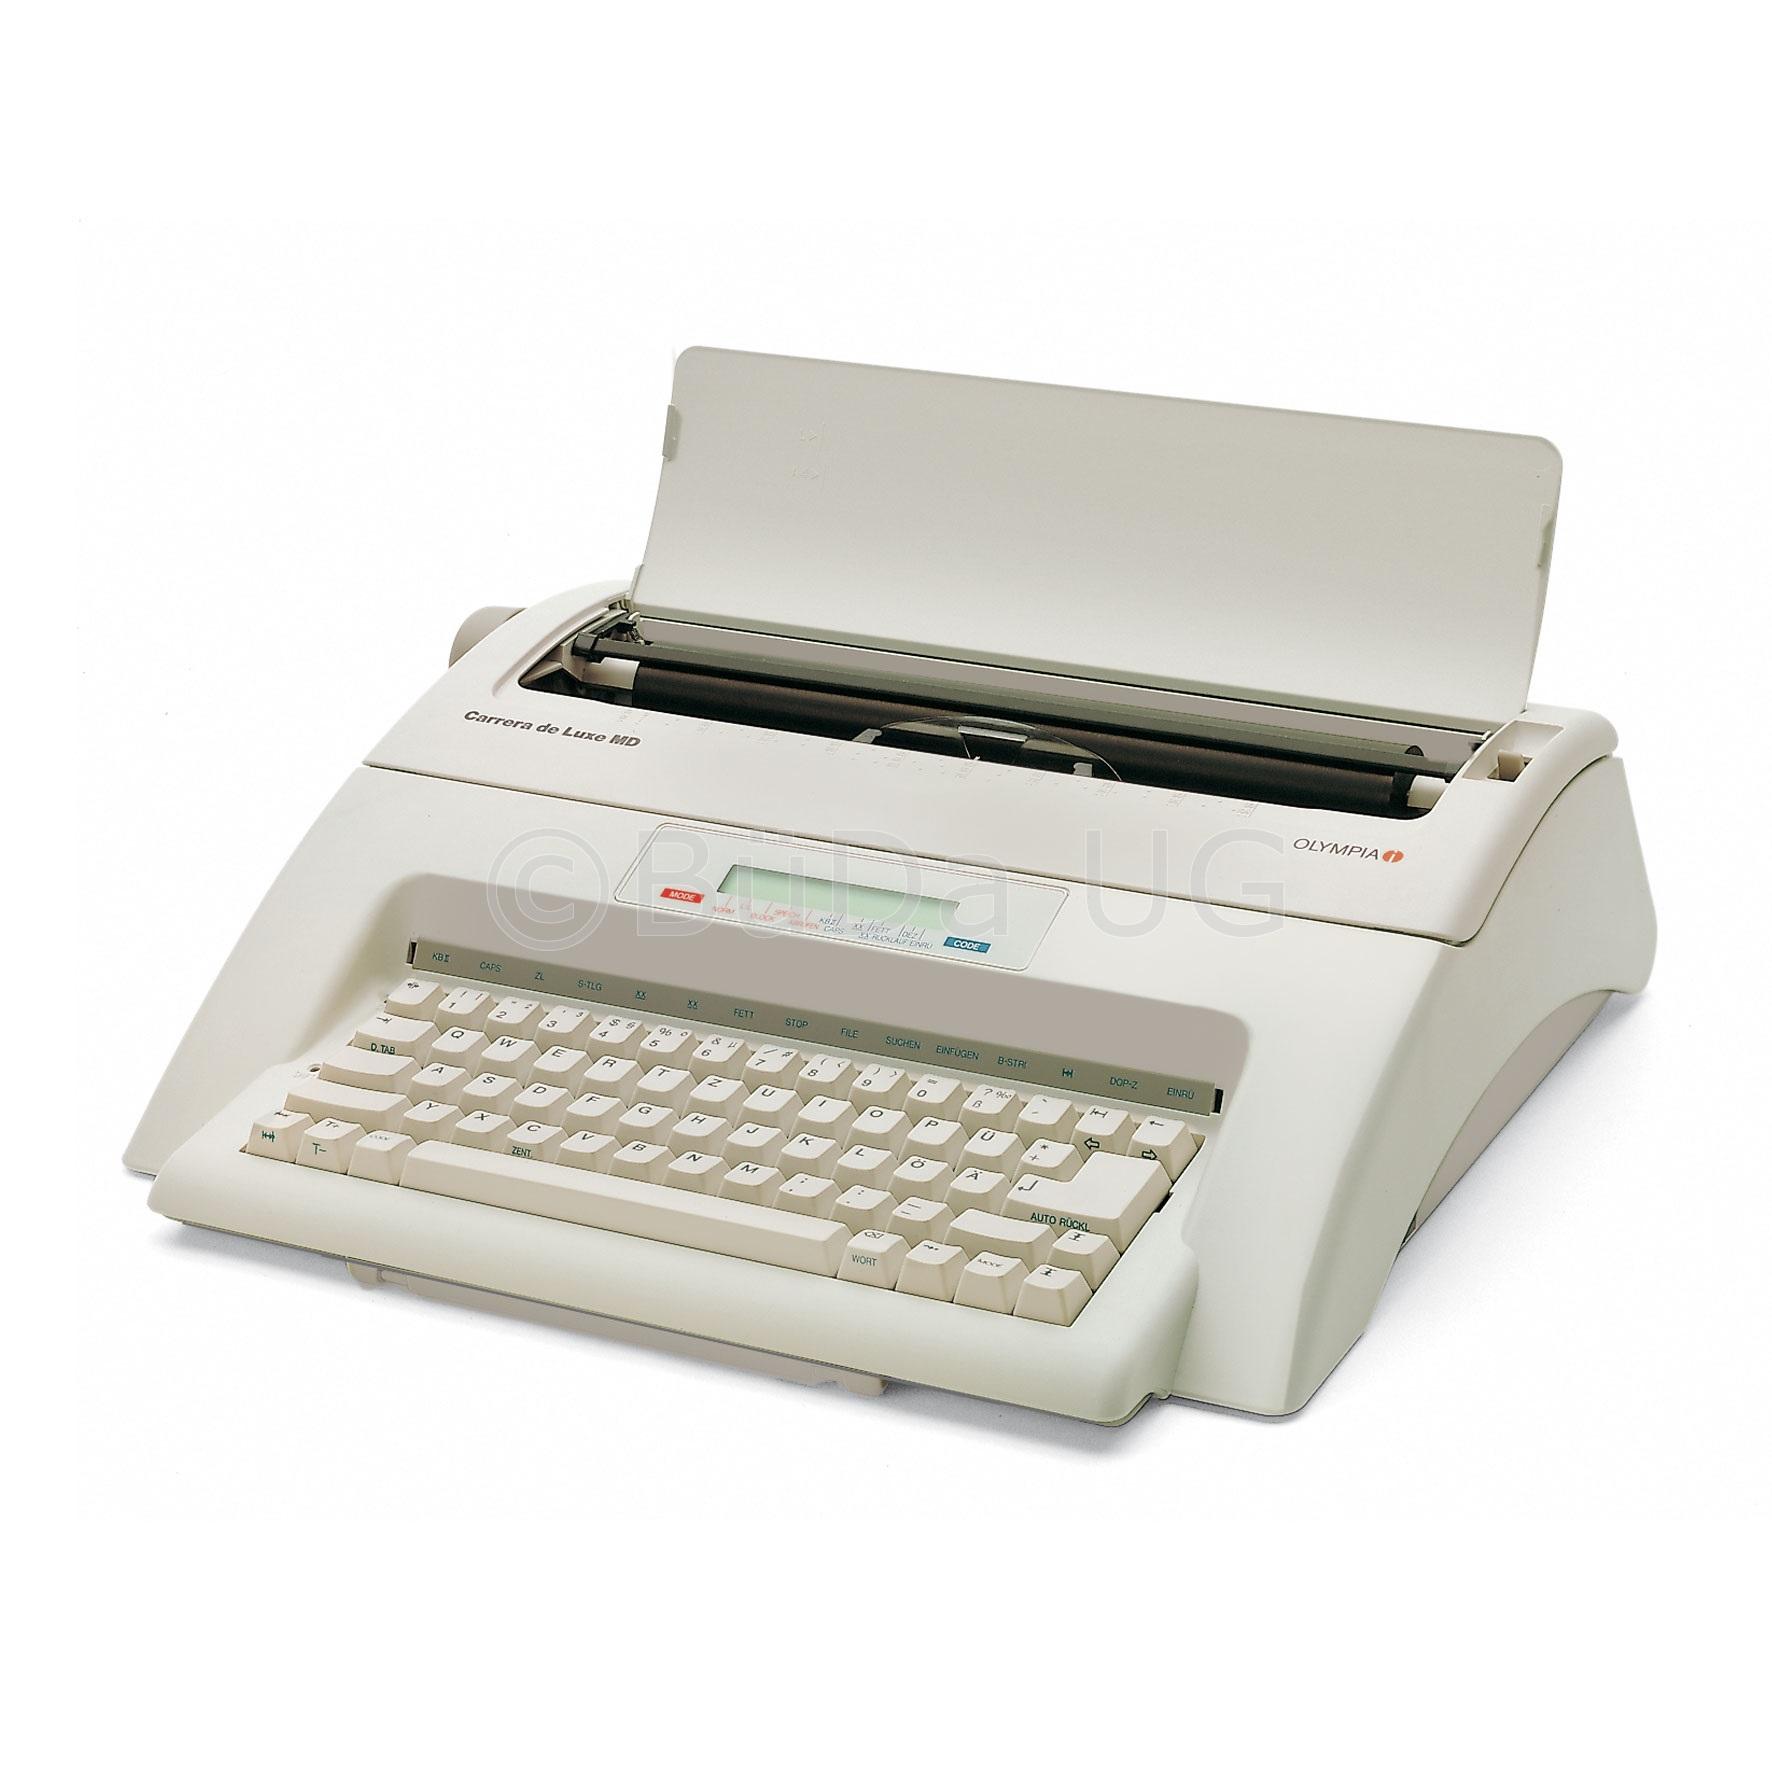 Elektronische Schreibmaschine Modell Olympia Carrera de luxe MD gebraucht, leicht vergilbt, 12 Monate Garantie
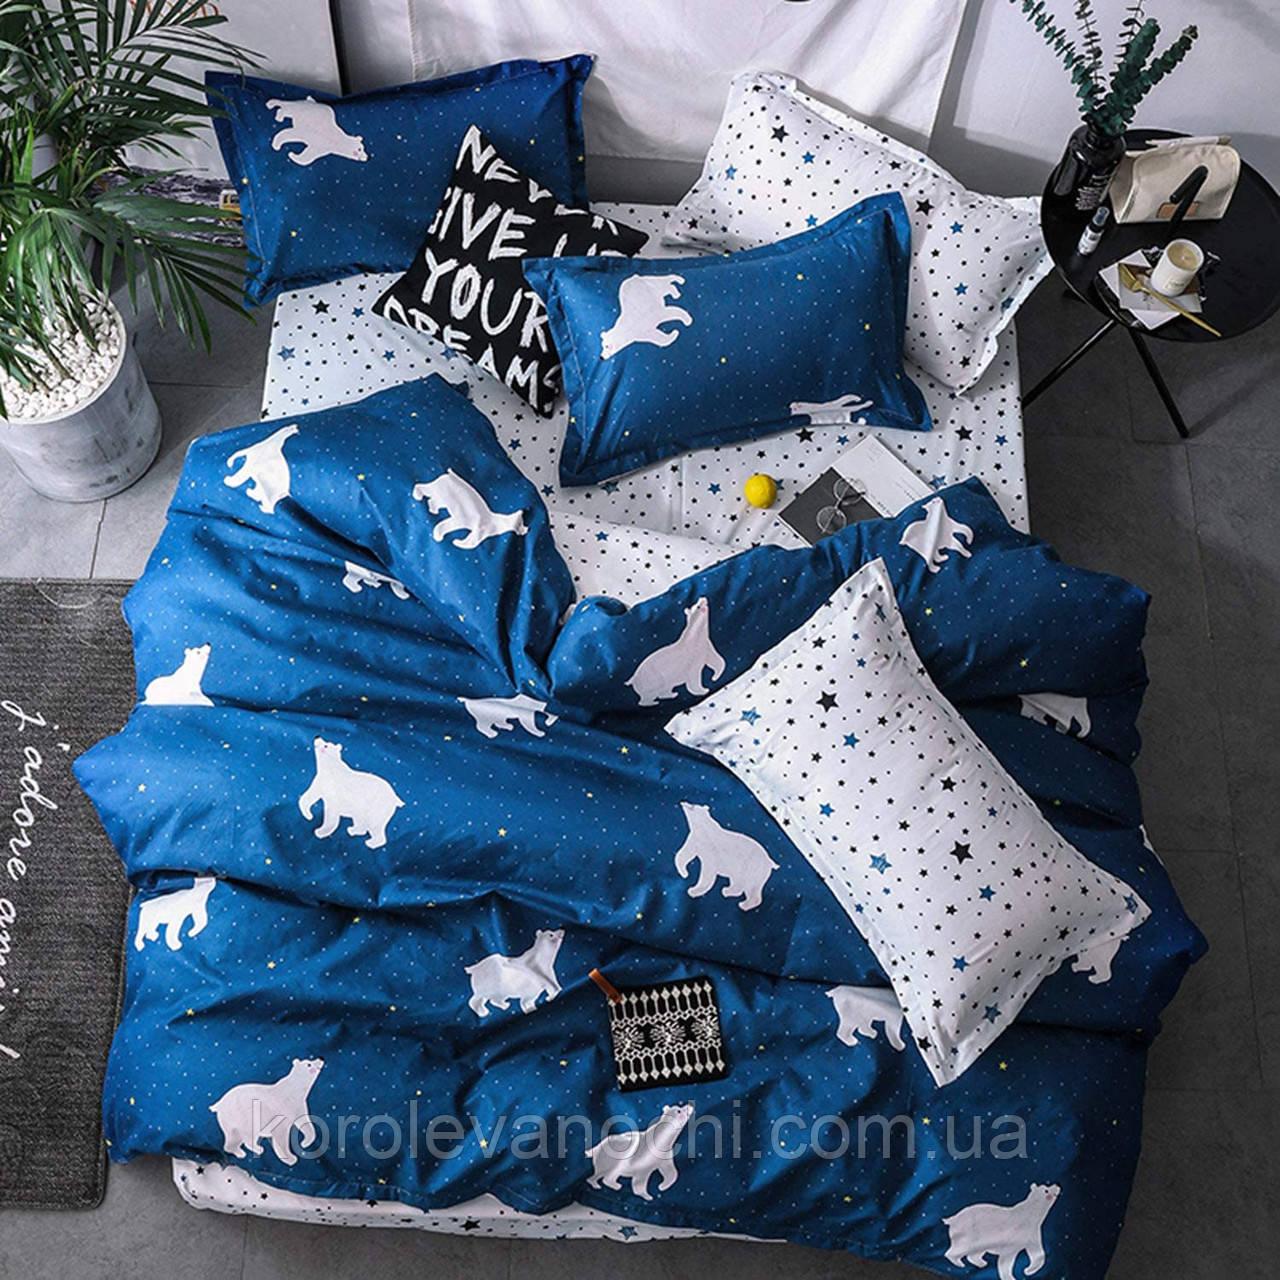 """Евро комплект (Ранфорс)   Постельное белье от производителя """"Королева Ночи""""   Белые медведи на синем"""
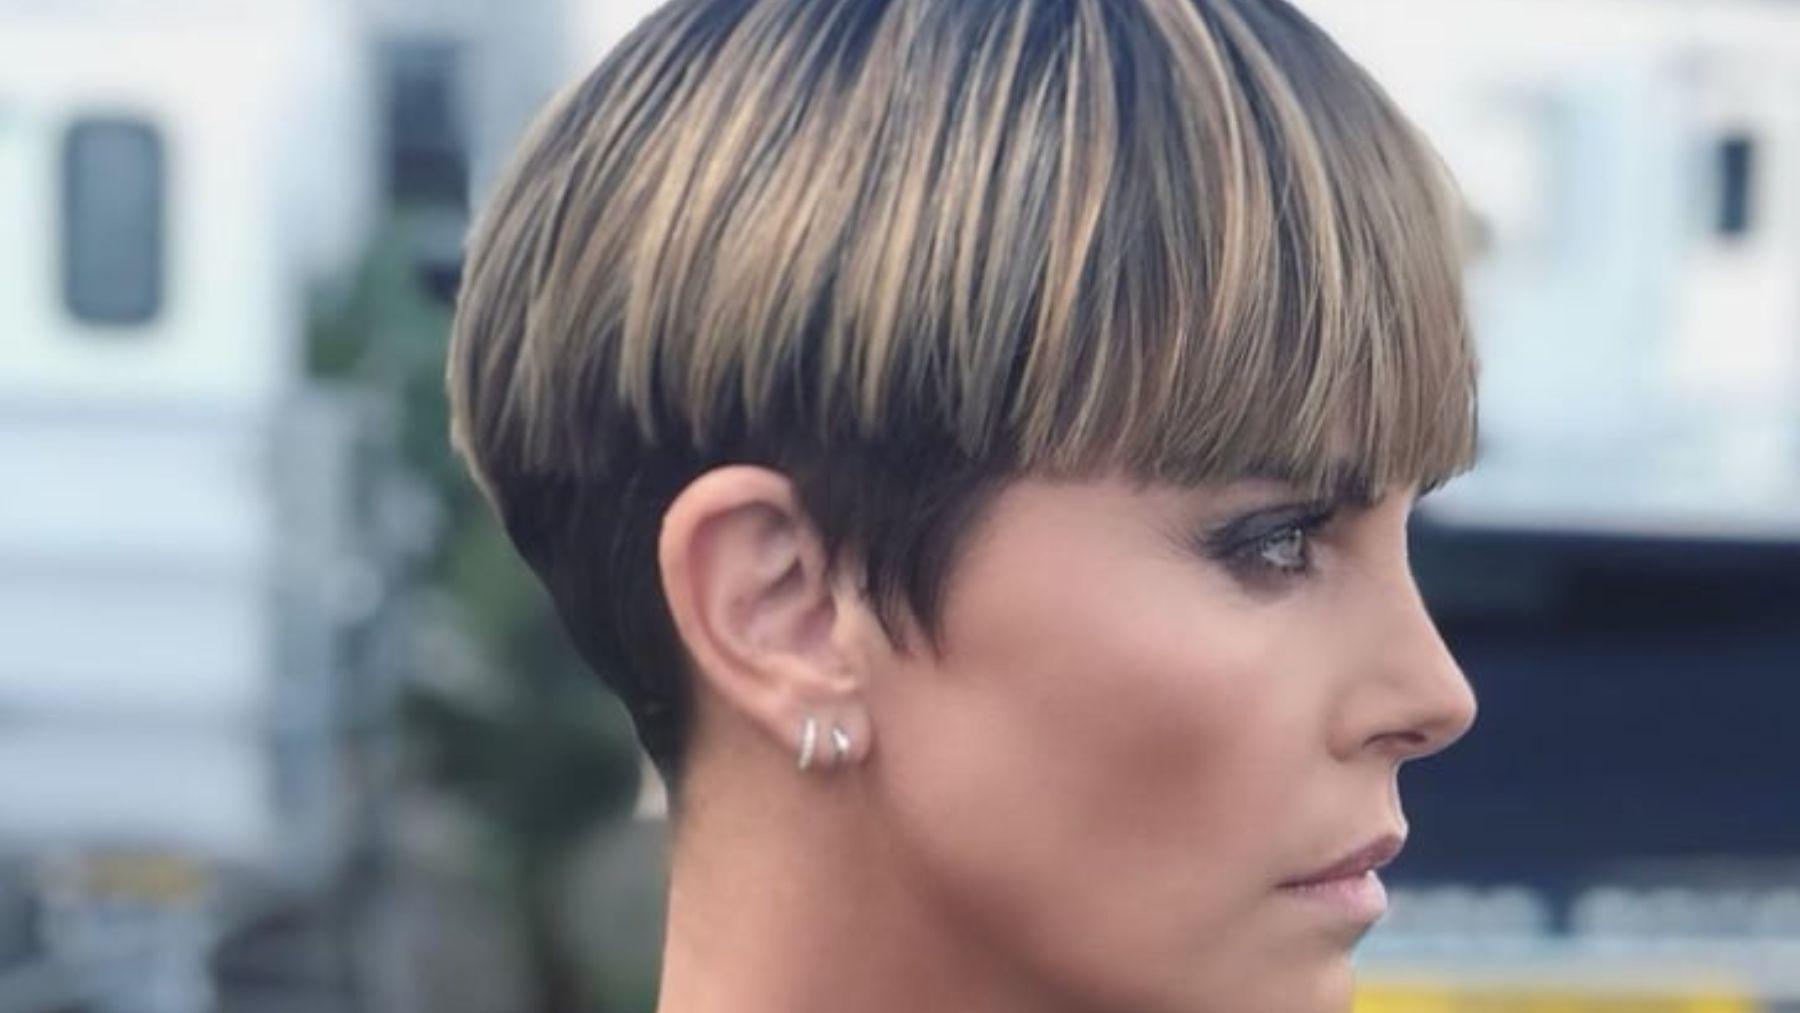 El corte de pelo que ha vuelto a poner de moda Charlize Theron /Foto: Instagram

▶ _Aim of the exercise_
Copy, without the pictures, exactly the lines from the line with "Постельное белье от" through the end of the material above, both ends included.

▶ _Result of the exercise_
 """Евро комплект (Ранфорс)   Постельное белье от производителя """"Королева Ночи""""   Белые медведи на синем"""
 El corte de pelo que ha vuelto a poner de moda Charlize Theron /Foto: Instagram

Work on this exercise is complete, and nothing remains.